Malcolm Gladwell takes on the teaching issue. I basically agree with a lot of the things he says about teacher sand teaching, but it is unlikely there will be any radical reform because the Teacher's union is too strong. I think teachers ought to become more professionalized as they progress with additional pay to keep the best and brightest around. Here's what Gladwell has to say in a piece from The New Yorker:
One of the most important tools in contemporary educational research is “value added” analysis. It uses standardized test scores to look at how much the academic performance of students in a given teacher’s classroom changes between the beginning and the end of the school year. Suppose that Mrs. Brown and Mr. Smith both teach a classroom of third graders who score at the fiftieth percentile on math and reading tests on the first day of school, in September. When the students are retested, in June, Mrs. Brown’s class scores at the seventieth percentile, while Mr. Smith’s students have fallen to the fortieth percentile. That change in the students’ rankings, value-added theory says, is a meaningful indicator of how much more effective Mrs. Brown is as a teacher than Mr. Smith.

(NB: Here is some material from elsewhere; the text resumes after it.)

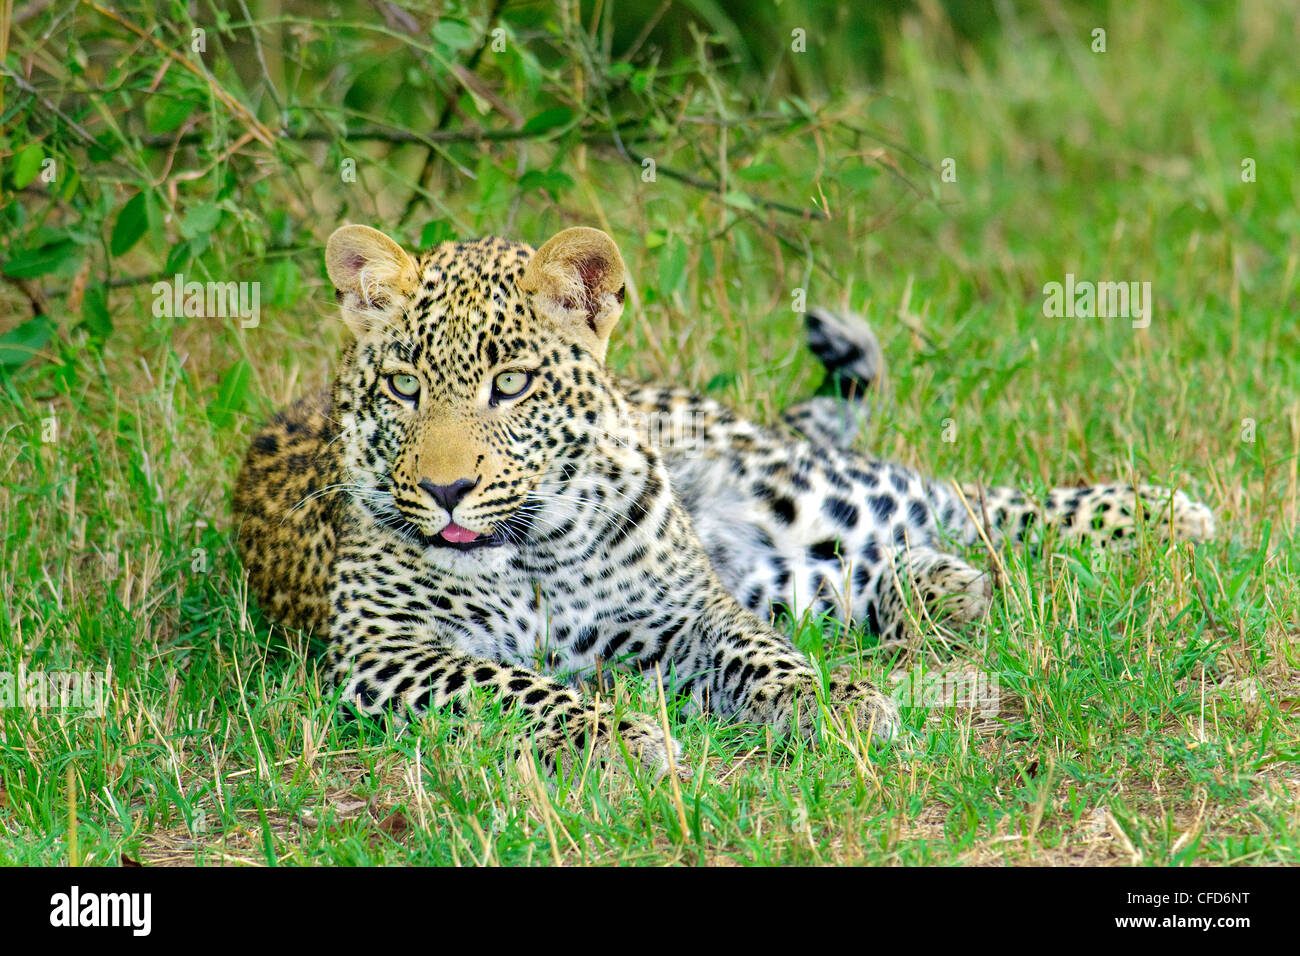 Yearling léopard (Panthera pardus) cub, réserve de Masai Mara, Kenya, Afrique de l'Est Banque D'Images

It’s only a crude measure, of course. A teacher is not solely responsible for how much is learned in a classroom, and not everything of value that a teacher imparts to his or her students can be captured on a standardized test. Nonetheless, if you follow Brown and Smith for three or four years, their effect on their students’ test scores starts to become predictable: with enough data, it is possible to identify who the very good teachers are and who the very poor teachers are. What’s more—and this is the finding that has galvanized the educational world—the difference between good teachers and poor teachers turns out to be vast.
Eric Hanushek, an economist at Stanford, estimates that the students of a very bad teacher will learn, on average, half a year’s worth of material in one school year. The students in the class of a very good teacher will learn a year and a half’s worth of material. That difference amounts to a year’s worth of learning in a single year. Teacher effects dwarf school effects: your child is actually better off in a “bad” school with an excellent teacher than in an excellent school with a bad teacher. Teacher effects are also much stronger than class-size effects. You’d have to cut the average class almost in half to get the same boost that you’d get if you switched from an average teacher to a teacher in the eighty-fifth percentile. And remember that a good teacher costs as much as an average one, whereas halving class size would require that you build twice as many classrooms and hire twice as many teachers.
Australia is debating performance based pay for teachers and similar matters. The idea is good of course, but difficult to do successfully. I think the problem might be that some teachers will get a good short term return on their efforts, but others might raise their students learning potential in the long run, without having instant effects in the year in which they teach the students. It would certainly be disconcerting for some to try and create future educated adults and not be recognised, whilst others successfully teach to the tests (like in Japanese and Korean high schools perhaps) and yet fail to make a lasting impression. It's a bit like most corporate bonus systems - they reward short term profit decisions, which are sometimes at the expense of (or at least do not contribute to) long term success. Perhaps this type of grading could be used best to identify the extremes of performance, rather than reward (or punish) all teachers. It certainly sounds like there are some extremes to be exposed.